How to do an efficient complex index_select operation using torch?

How to do an efficient index_select operation over an input tensor of size [1, 32, 32, 12] and an index tensor of size [1, 5, 2] ?

Here is my Python code:

ret = []
for batch_idx in range(N):
    actions = []
    for agent in range(self.n_agents):
        agent_idx = obs[batch_idx][agent]
        act = pi[batch_idx, agent_idx[0], agent_idx[1]]
        actions.append(act)
    actions = torch.stack(actions)
    ret.append(actions)
ret = torch.stack(ret)

batch_idx = 1 # or 32 in training phase
self.n_agents = 5
obs is a tensor index of shape [1, 5, 2], which refers to the batch_size, num_of_agents, and the location coordination x and y respectively.
pi is a policy map, whose shape is [1, 32, 32, 12], which refers the batch_size, map_max_x, map_max_y, and feature_dim respectively.
the ret is a tensor of shape [1, 5, 12]

This code is two time-wasting when the batch size become larger from 1 to 32.
How can I write an efficient torch style Code?

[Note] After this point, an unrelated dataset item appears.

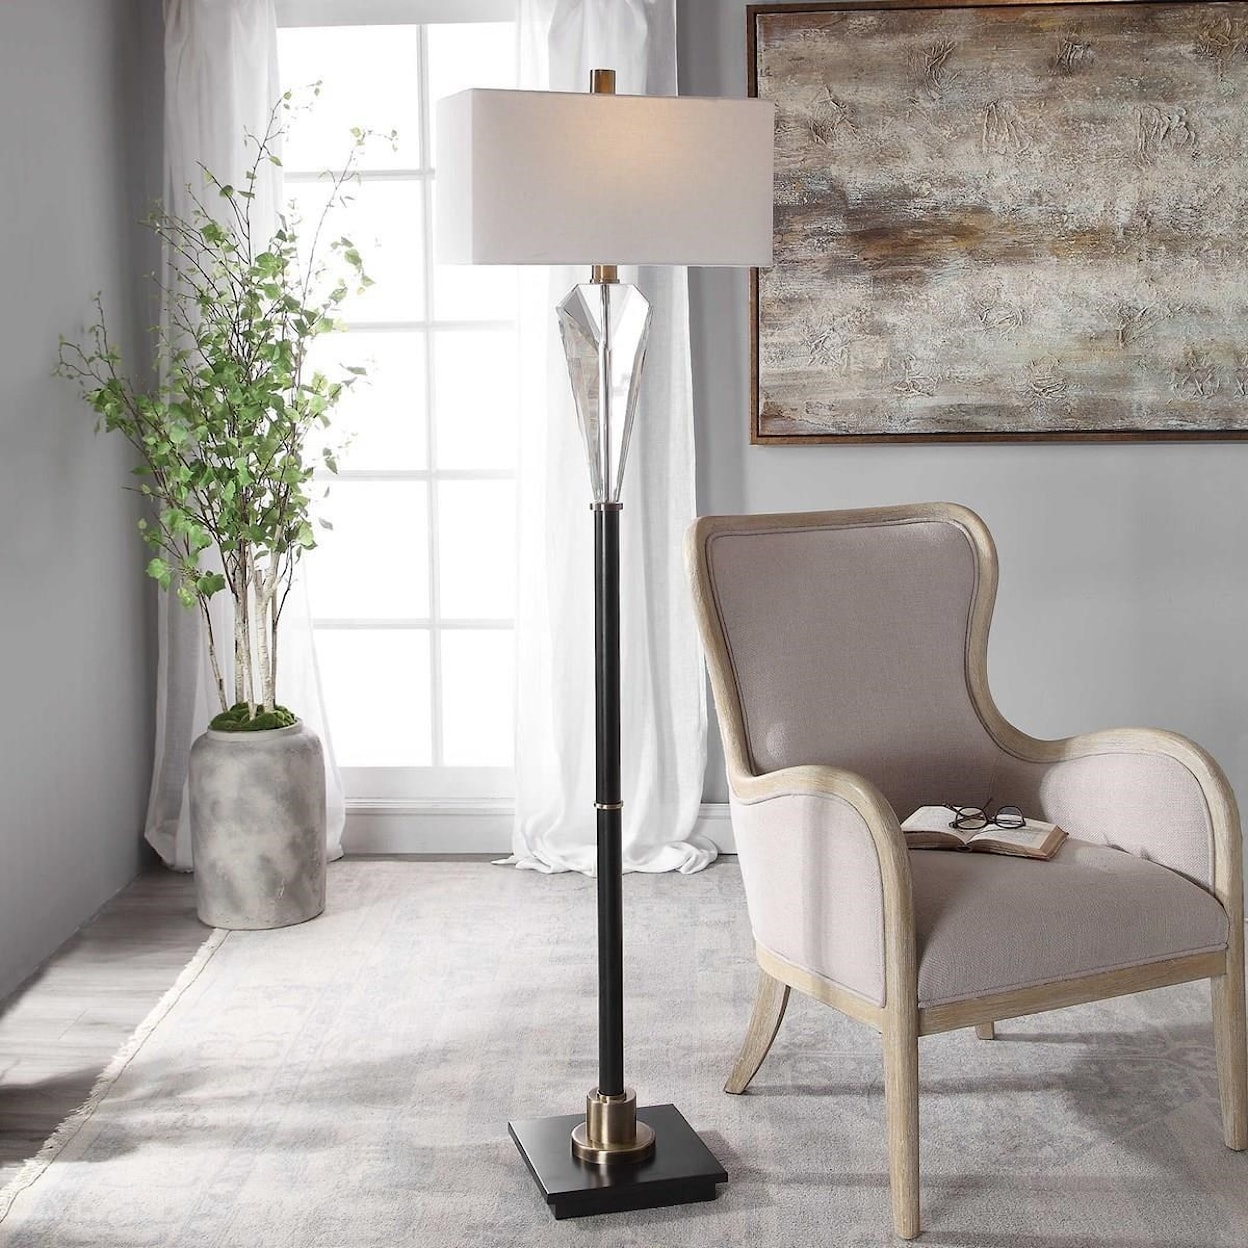 Uttermost Floor Lamps Cora Contemporary Floor Lamp

Ok, the problem is solved.
Using a reshape operation before index_select is more efficient.

# the example code
        pi = pi.reshape(-1, self.act_dim)
        obs = obs.reshape(N, -1)

        selected_agents_idx = []
        for batch_idx in range(N):
            batch_select_agent_idx = obs[batch_idx] + (batch_idx * self.map_size * self.map_size)
            selected_agents_idx.append(batch_select_agent_idx)
        selected_agents_idx = torch.cat(selected_agents_idx)
        
        action_selected = pi.index_select(0, selected_agents_idx)
        action_selected = action_selected.reshape(N, self.n_agents, -1)